▶ _WORK INSTRUCTION_:
From the first line to the last, transcribe the data exactly and skip the pictures.

▶ _MATERIAL PROVIDED_:
# # # # # # #

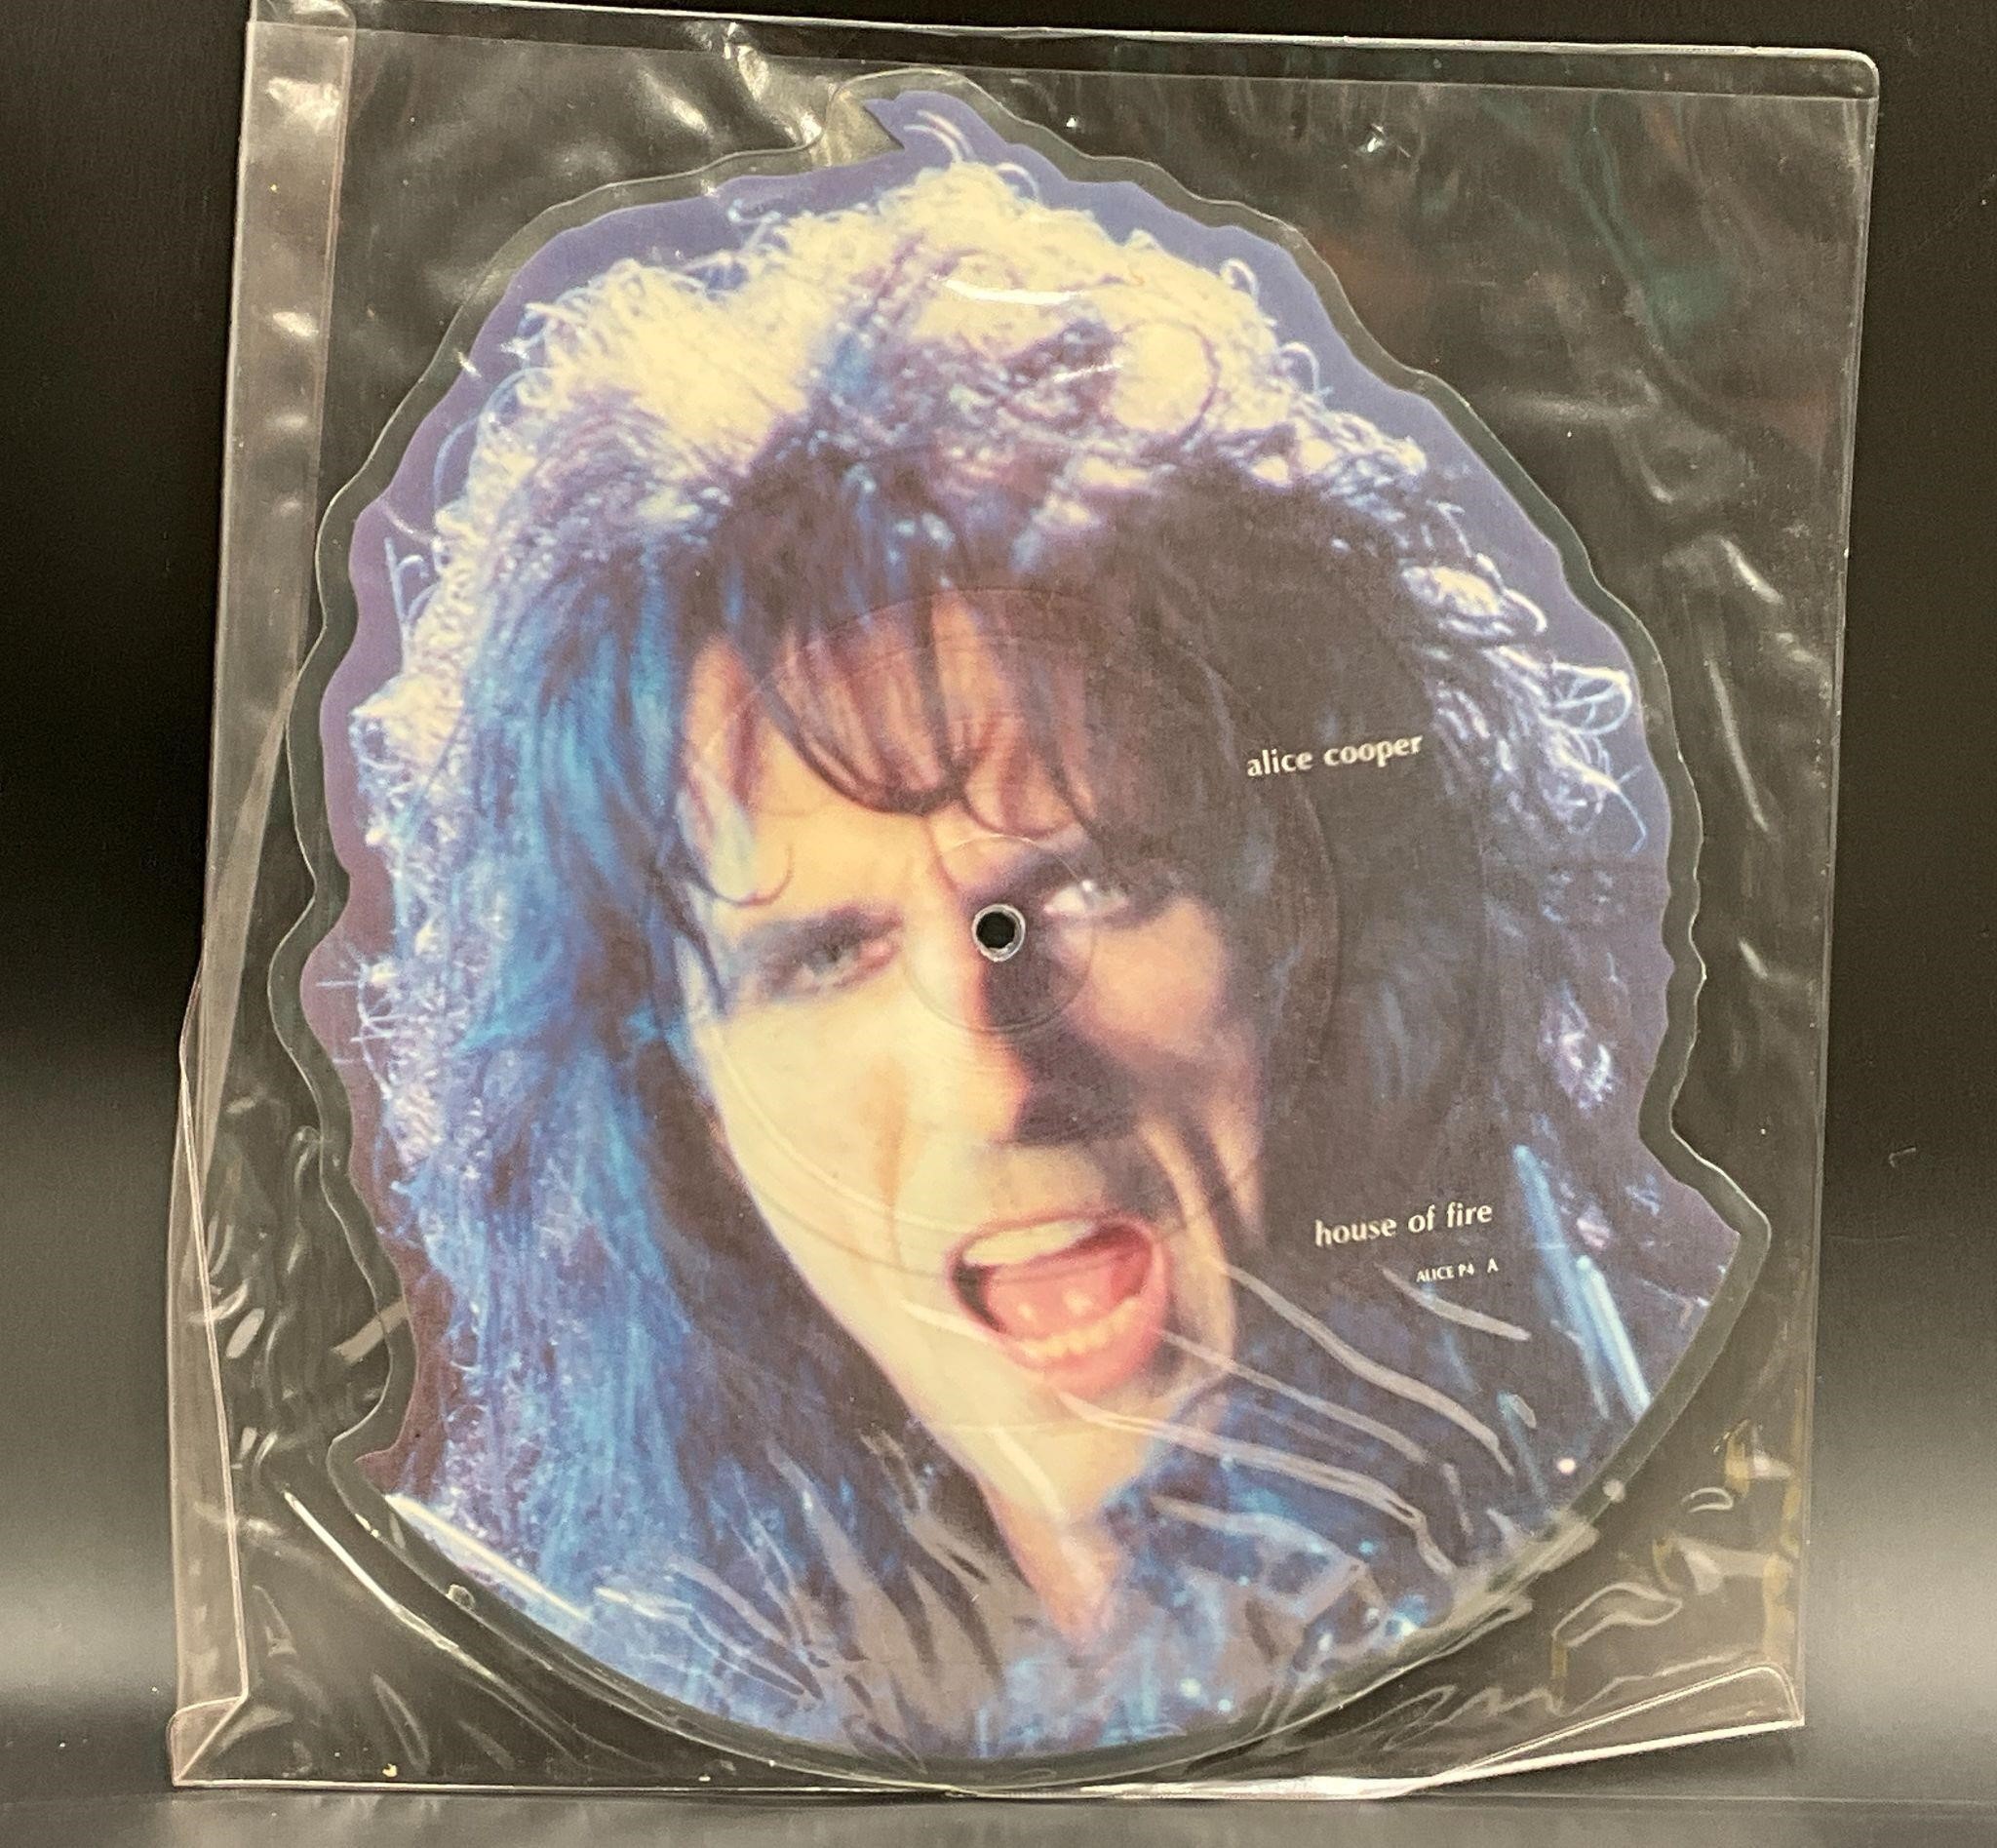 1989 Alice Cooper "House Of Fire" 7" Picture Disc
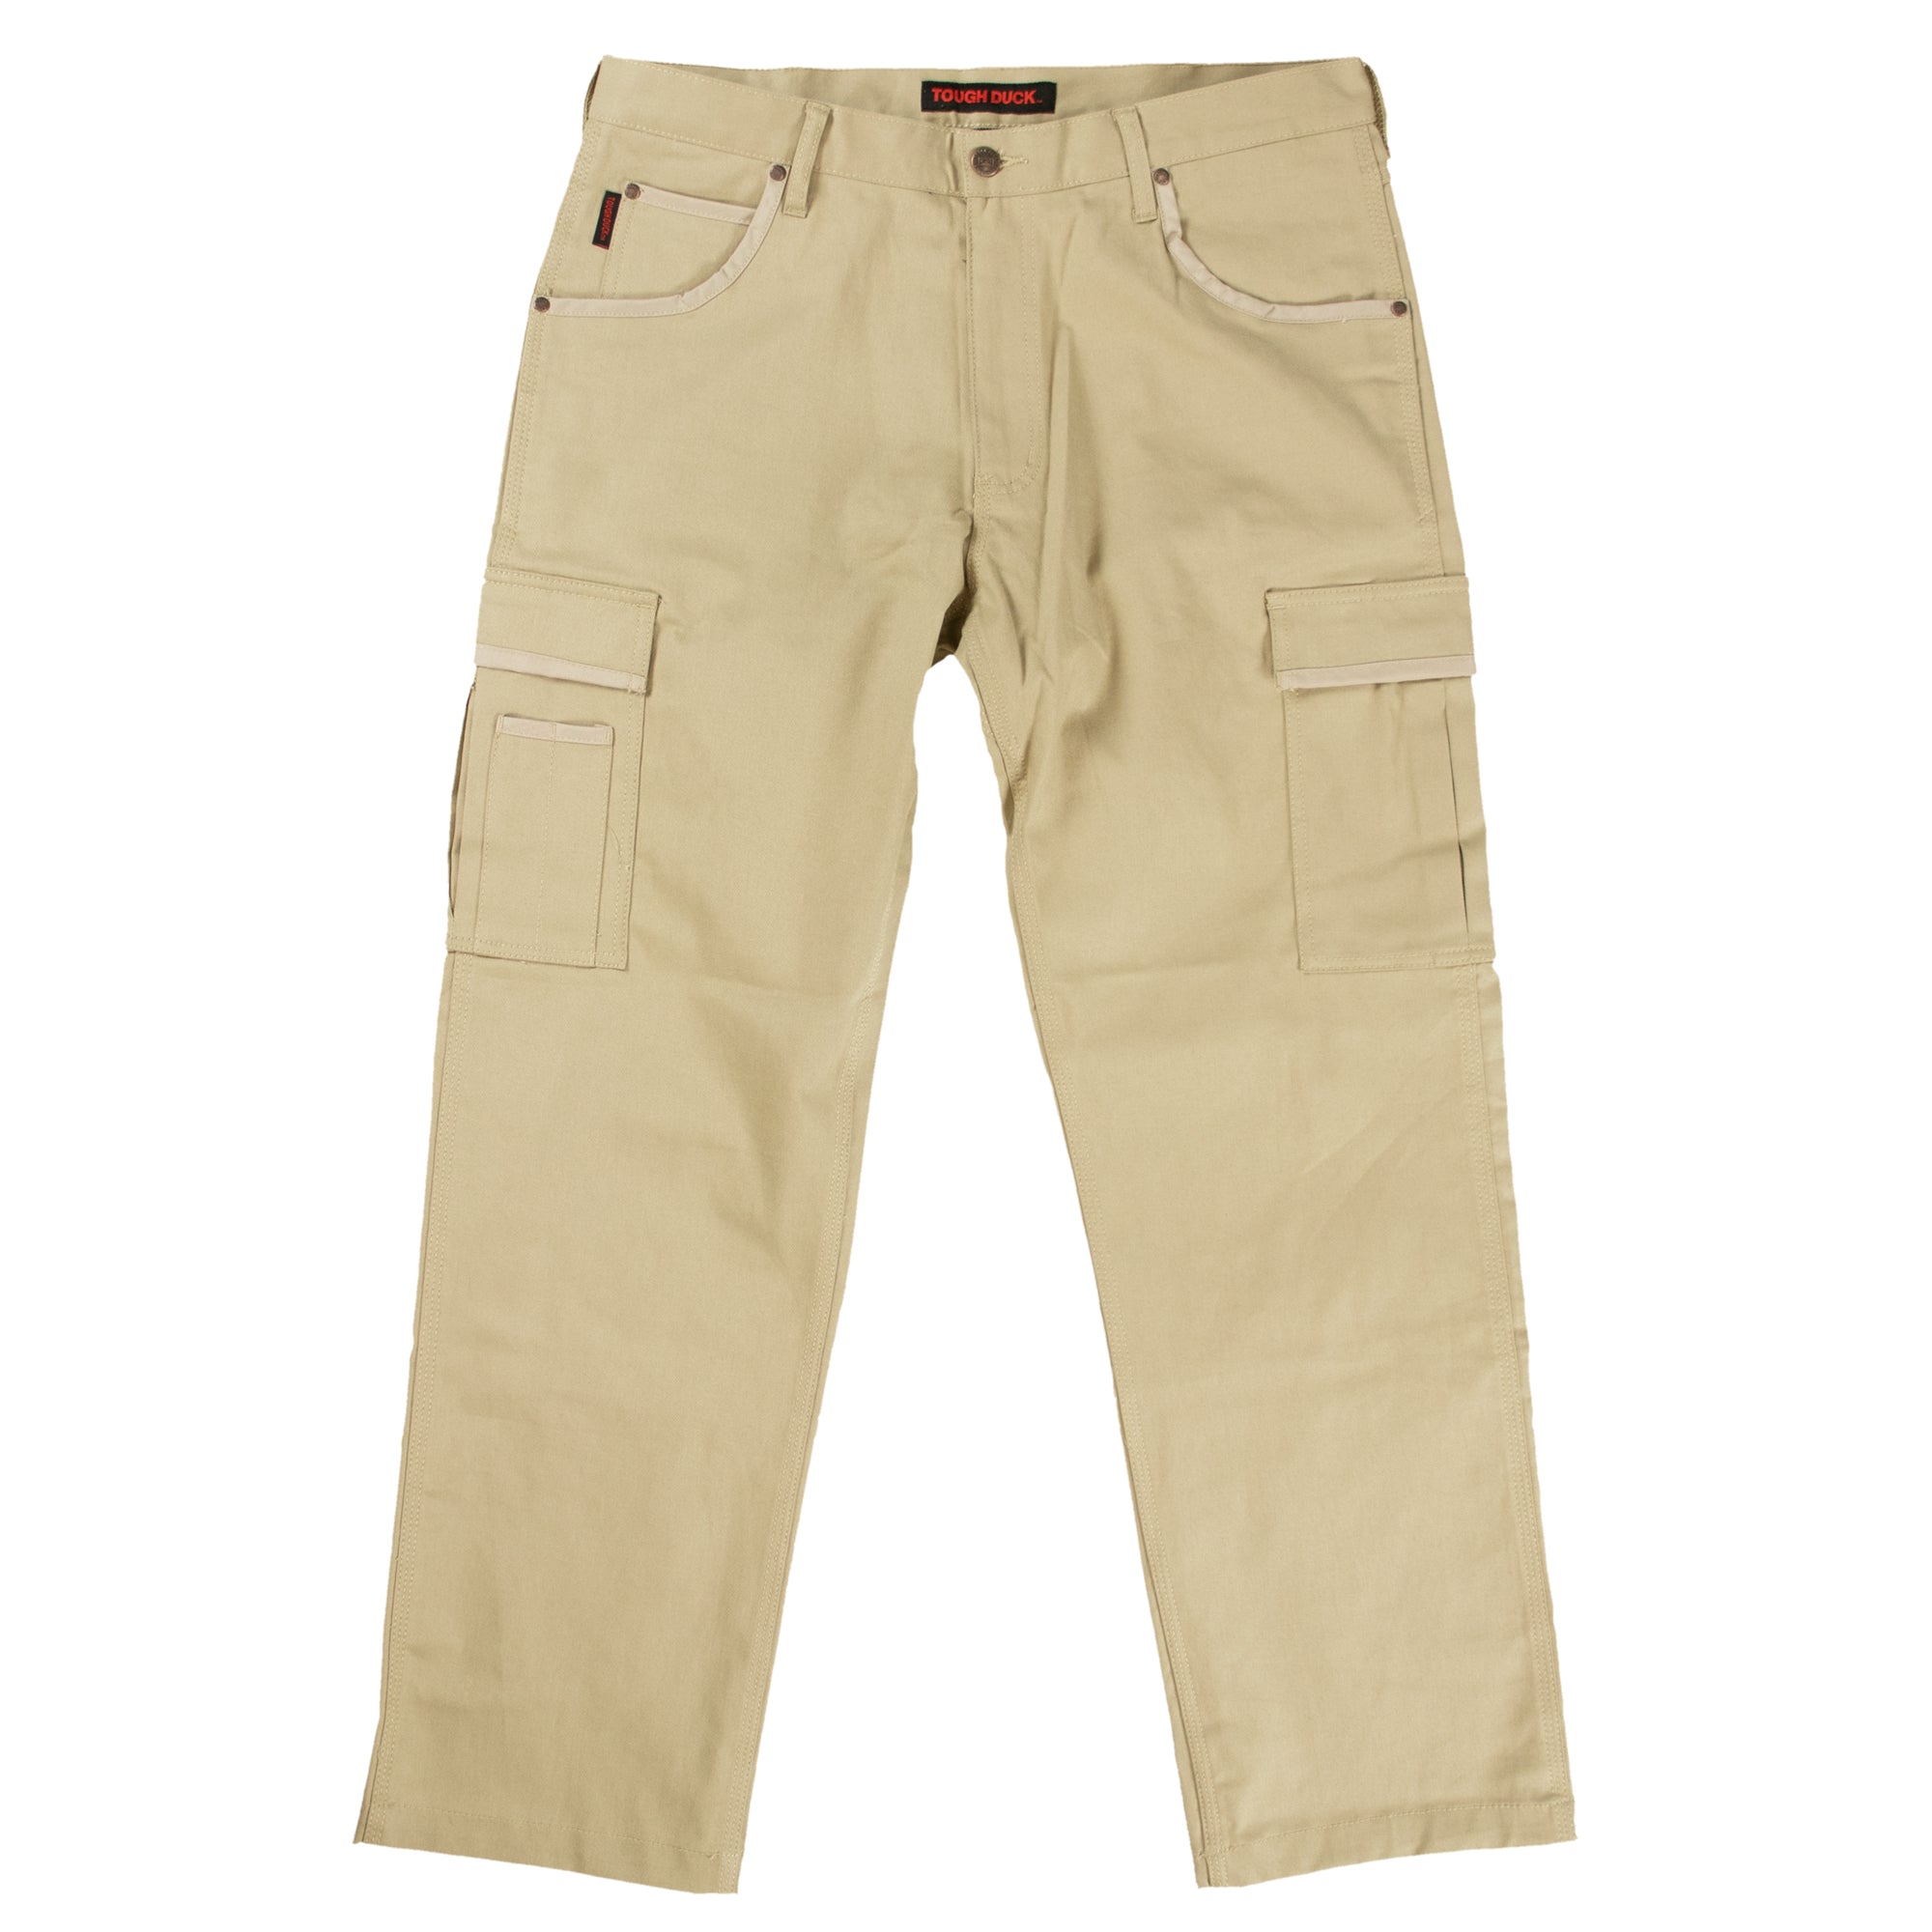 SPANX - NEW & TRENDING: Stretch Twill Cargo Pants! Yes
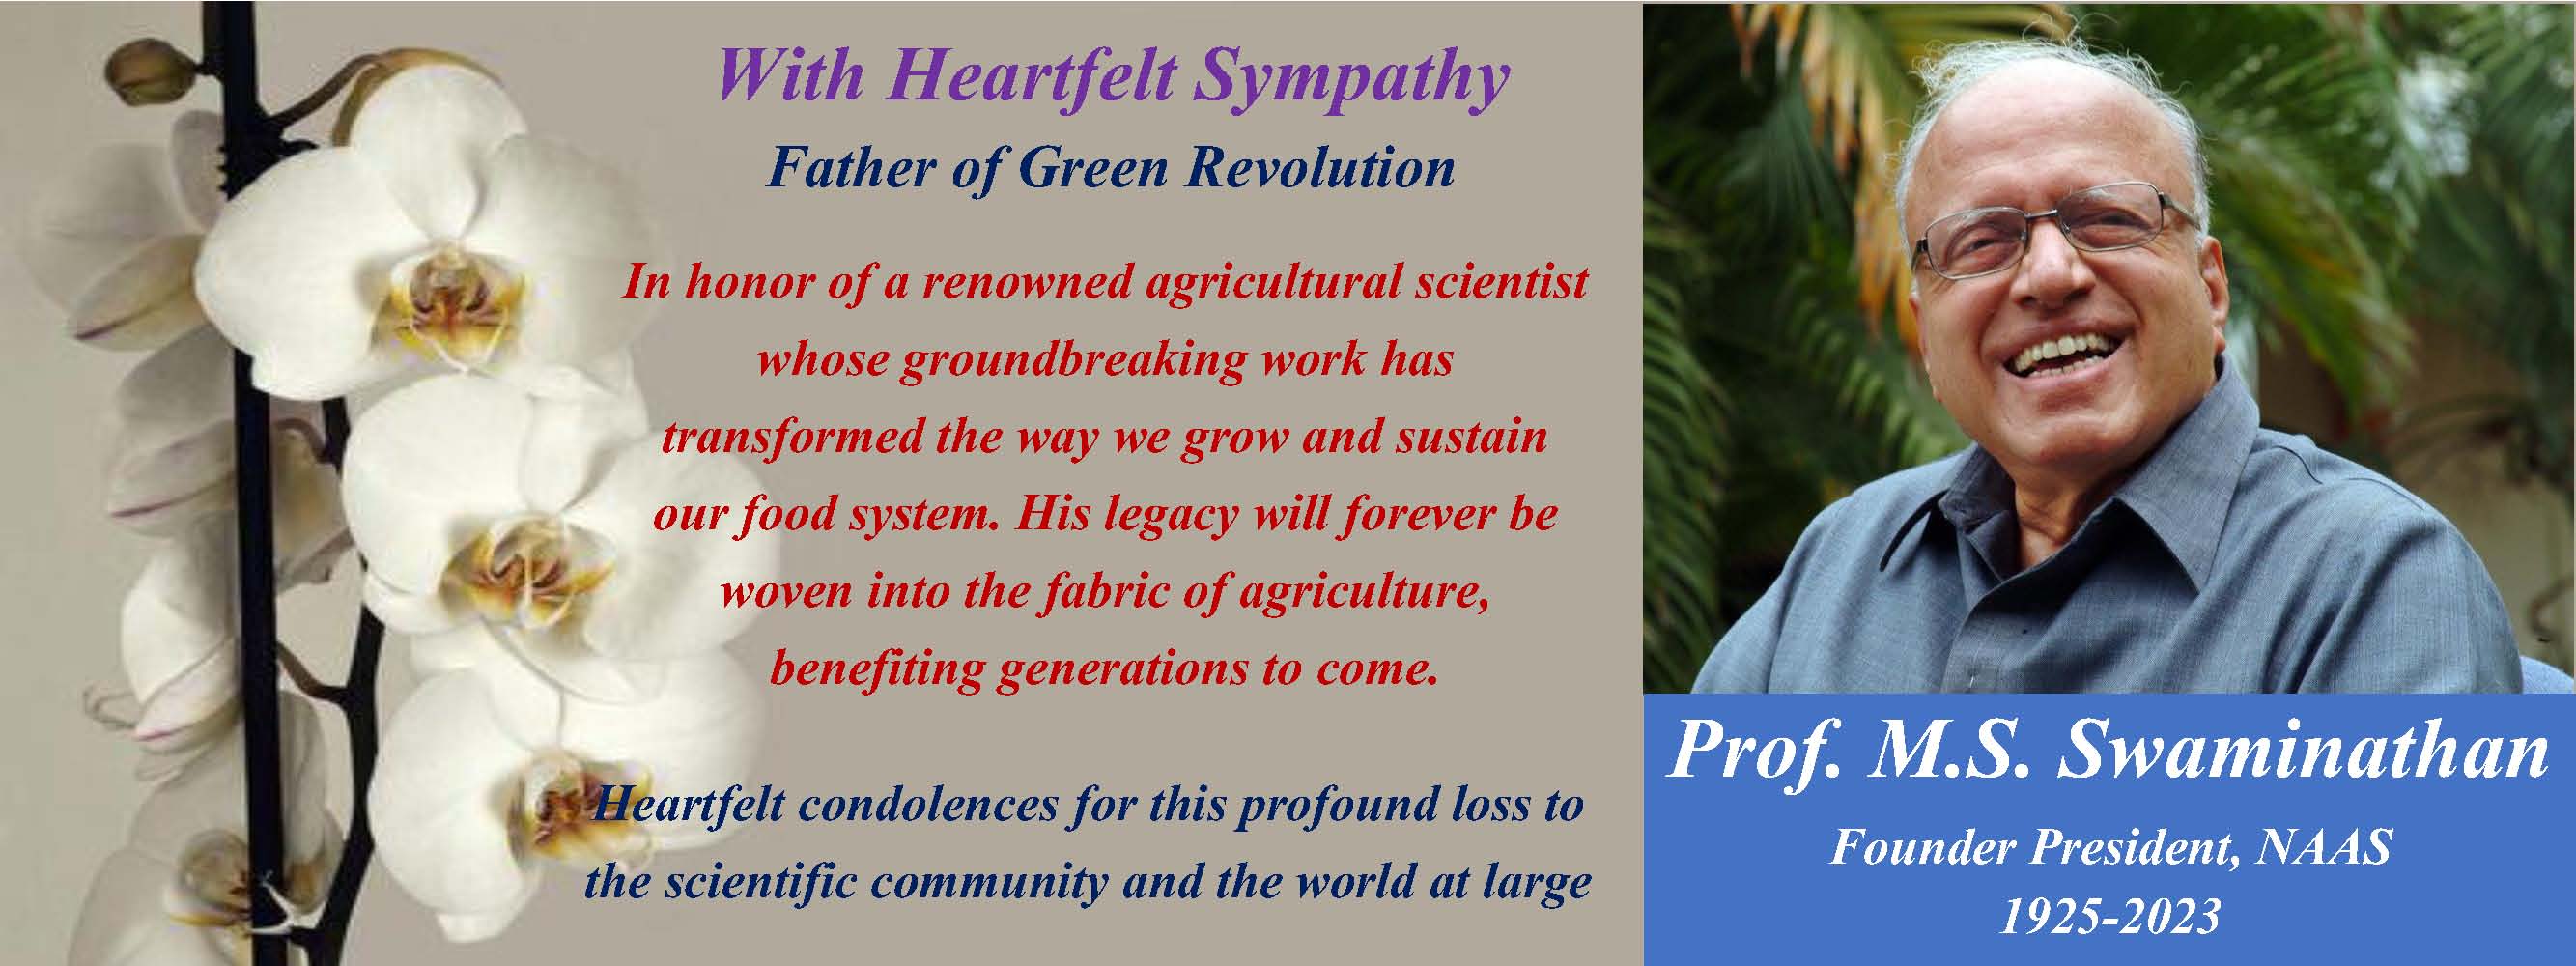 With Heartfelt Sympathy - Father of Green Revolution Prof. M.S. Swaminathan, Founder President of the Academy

# # # # # # #

▶ _YOUR RESPONSE_:
 1989 Alice Cooper "House Of Fire" 7" Picture Disc
 SPANX - NEW & TRENDING: Stretch Twill Cargo Pants! Yes
 With Heartfelt Sympathy - Father of Green Revolution Prof. M.S. Swaminathan, Founder President of the Academy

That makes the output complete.